Durante anos desejei ser actor devido às cenas de choro. Sim, sou tão lamechas quanto isso. Nunca a "suspension of misbelief" funcionou tão bem comigo como nas cenas em que um actor/actriz, em grande plano, deixava rolar uma lágrima por todo o rosto. Emocionava-me a história, a comoção da personagem, o caminho que a lágrima escolhia entre nervos e pele e que nenhum realizador alguma vez poderia encenar.
Só há poucos anos me falaram dos truques dos actores: o colírio, o fumo do cigarro para os olhos se irritarem, não pestanejar durante muito tempo, uma técnica muscular facial qualquer que só uns raros dominam. E estragaram-me a vida. Prejudicaram-me a escuridão sagrada das salas de cinema. Interromperam-me a "suspension" para me pôr a pensar.
Desaparece assim a maior percentagem da convicção que dedicava a interromper a minha vida, com prazer, para me imaginar na pele da personagem comovida.
Como um ilusionista alcoolizado que, por estar fora de si, partilhasse connosco o segredo dos seus truques - destruiu-se a magia.

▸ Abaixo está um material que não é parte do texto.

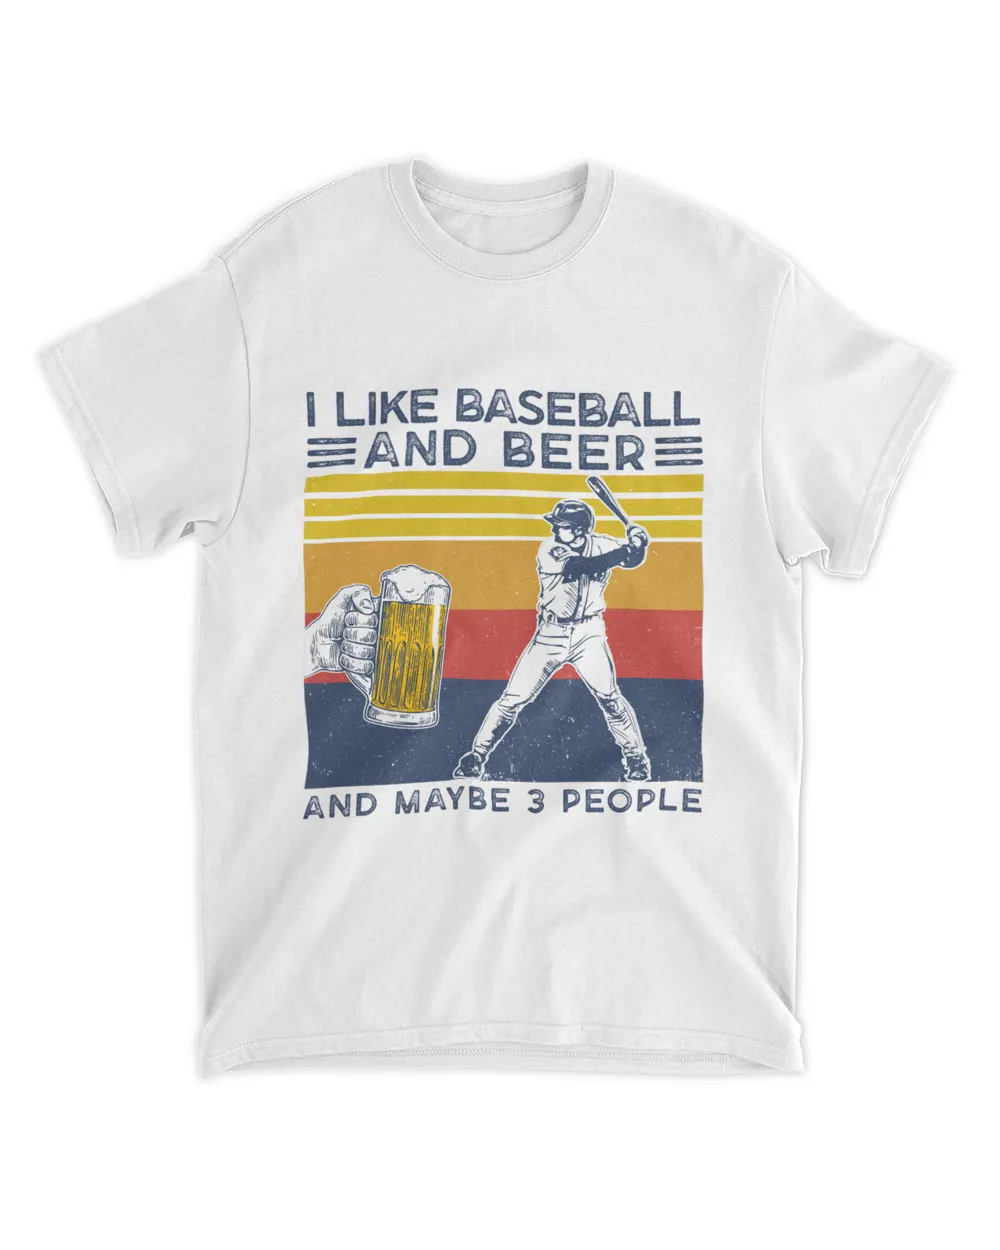 I like baseball and beer and maybe 3 people
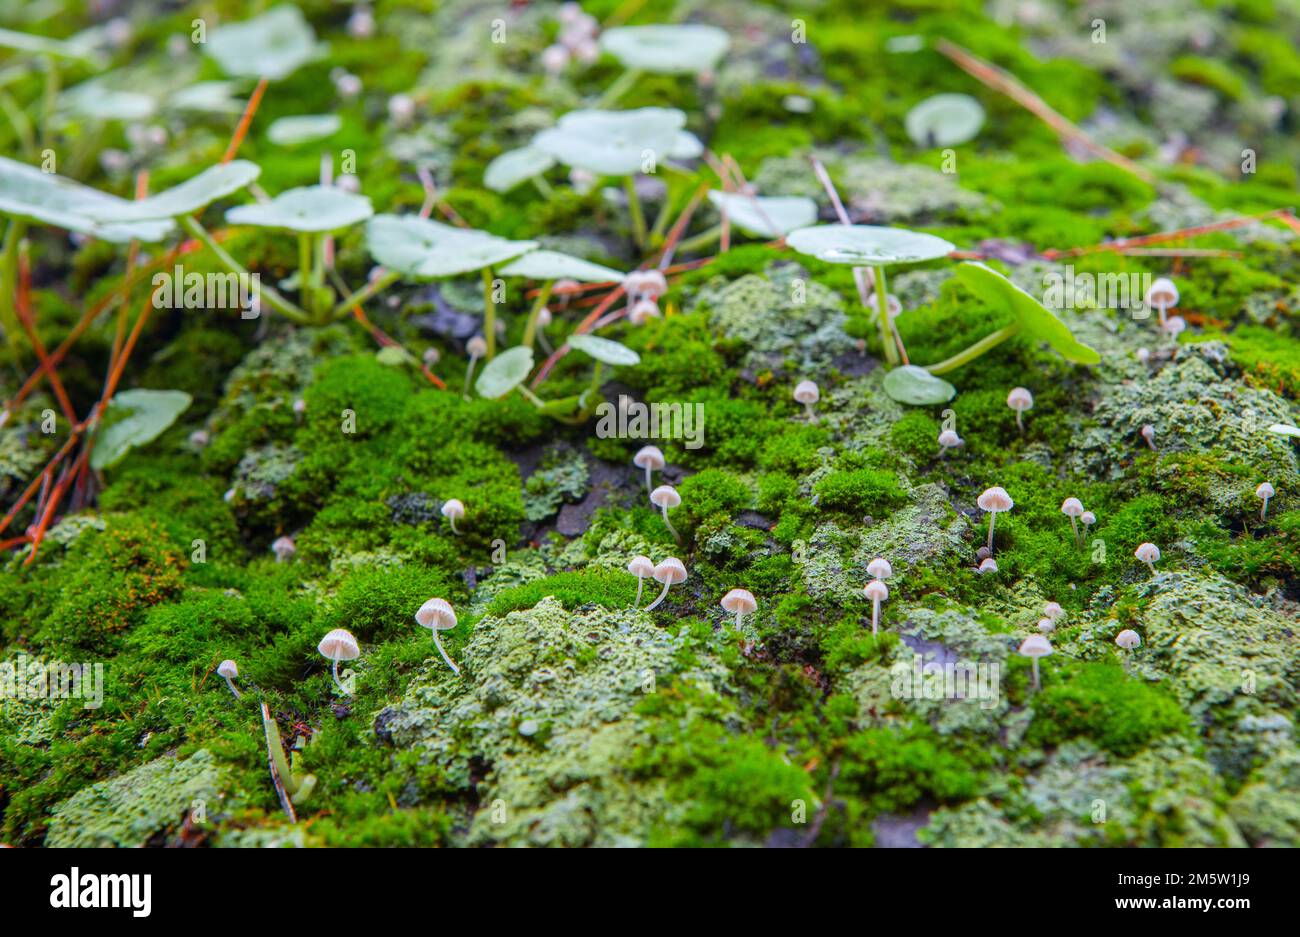 Little mushroom growing between navelworts on wet green tree bark. Closeup Stock Photo

Resta-me apenas o caminho que as lágrimas inventadas para aquele momento continuam a percorrer de forma aleatória, a esperança de que existam actores ainda tão ingénuos quanto eu em relação aos truques supracitados, e uma cada vez menor percentagem de sonho. Uma bem menor vontade de vir algum dia a ser actor. E tenho pena. Consigo chorar.